__ASSIGNED TASK__
After locating the line that contains "Material: 18 kt. Yellow gold", output that line and each one following it, exactly, to the end of the entries. No pictures.

○ ○ ○

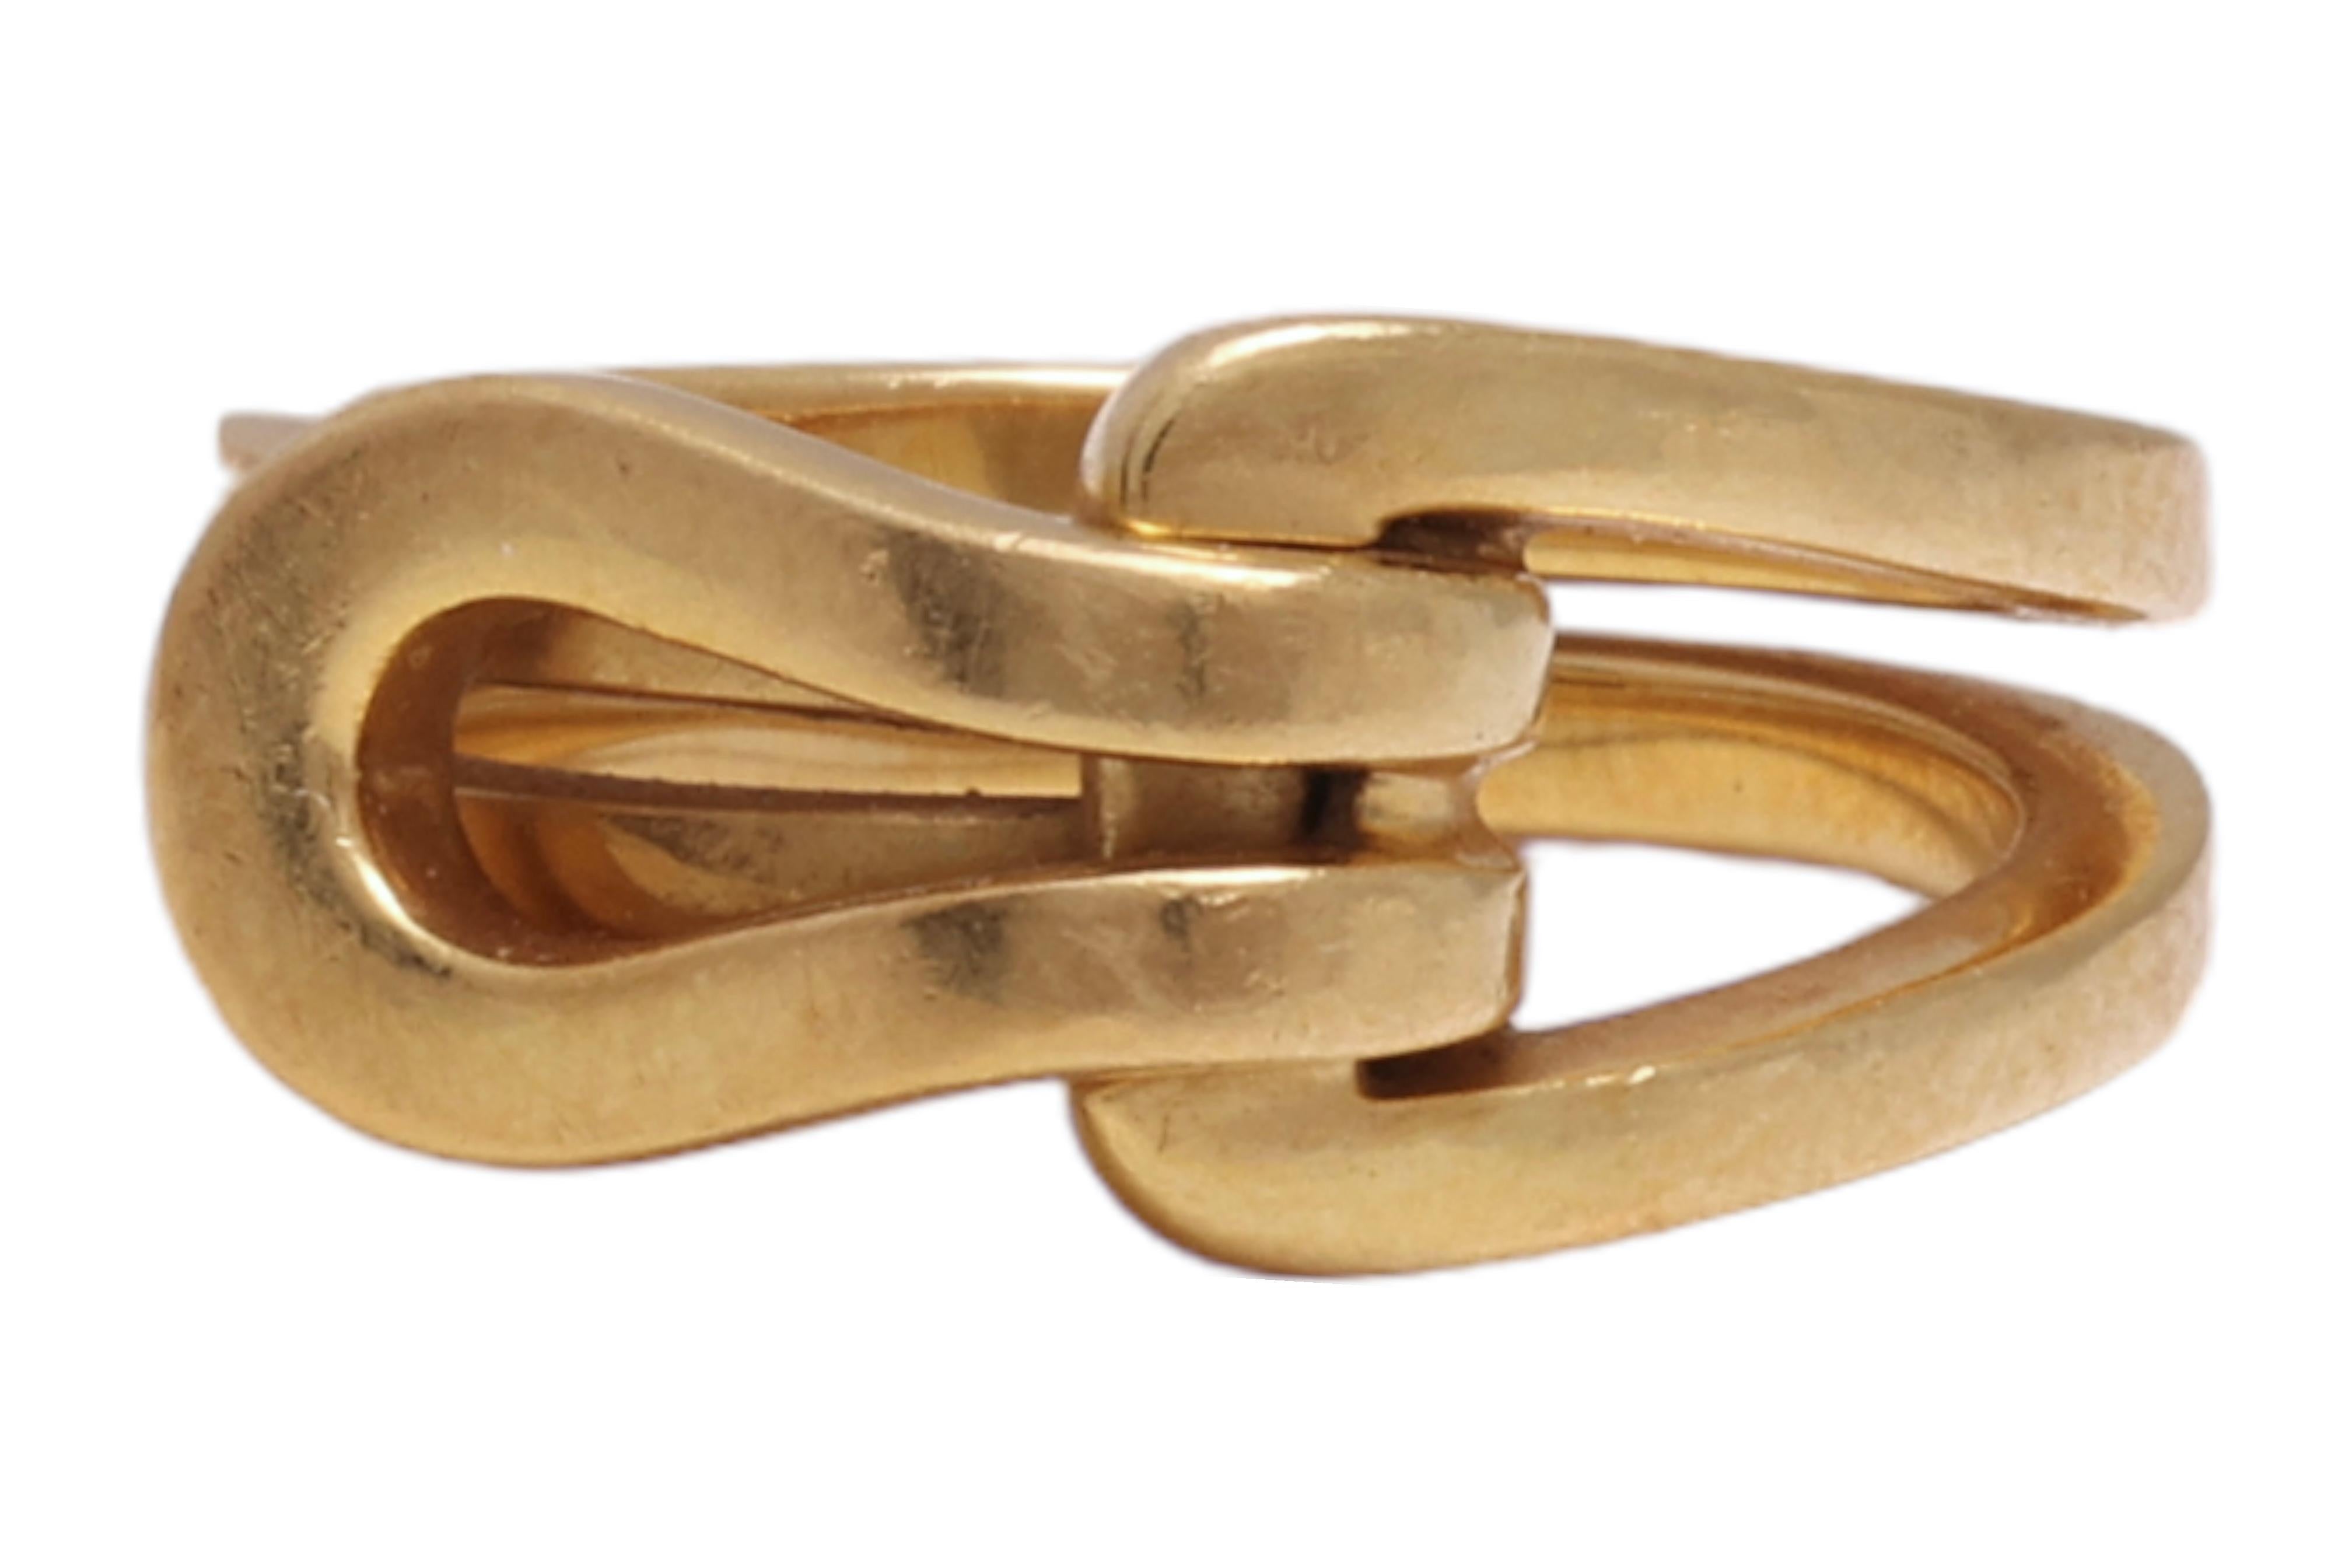 18 kt. Yellow Gold Tom Ford Interlocked  Ring, Comes in the original Tom Ford Box

Ring:
Material: 18 kt. Yellow gold
Ring size: 48.5 EU / 4.75 US ( can be adjusted for free)
Total weight: 8.8 gram / 0.310 oz / 5.6 dwt

Possibility to buy matching
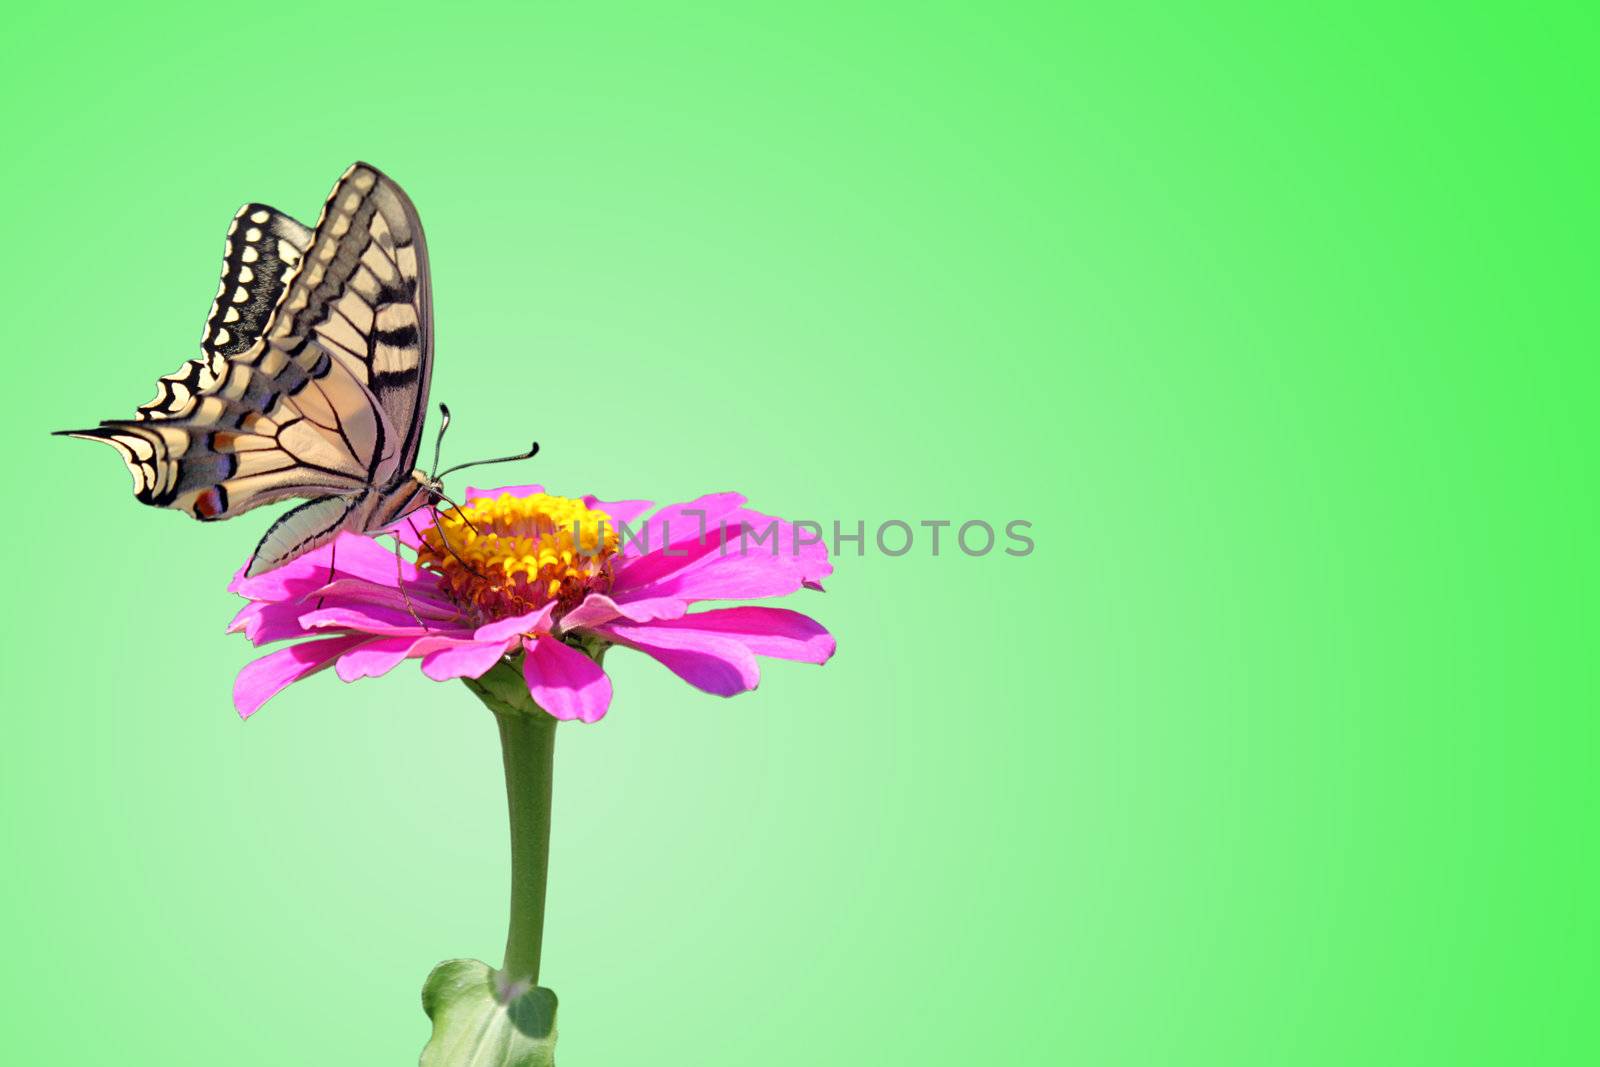 butterfly (Papilio Machaon) sitting on flower (zinnia) over clean green background

○ ○ ○

__RESULT OF THIS EXERCISE__
Material: 18 kt. Yellow gold
Ring size: 48.5 EU / 4.75 US ( can be adjusted for free)
Total weight: 8.8 gram / 0.310 oz / 5.6 dwt

Possibility to buy matching
 butterfly (Papilio Machaon) sitting on flower (zinnia) over clean green background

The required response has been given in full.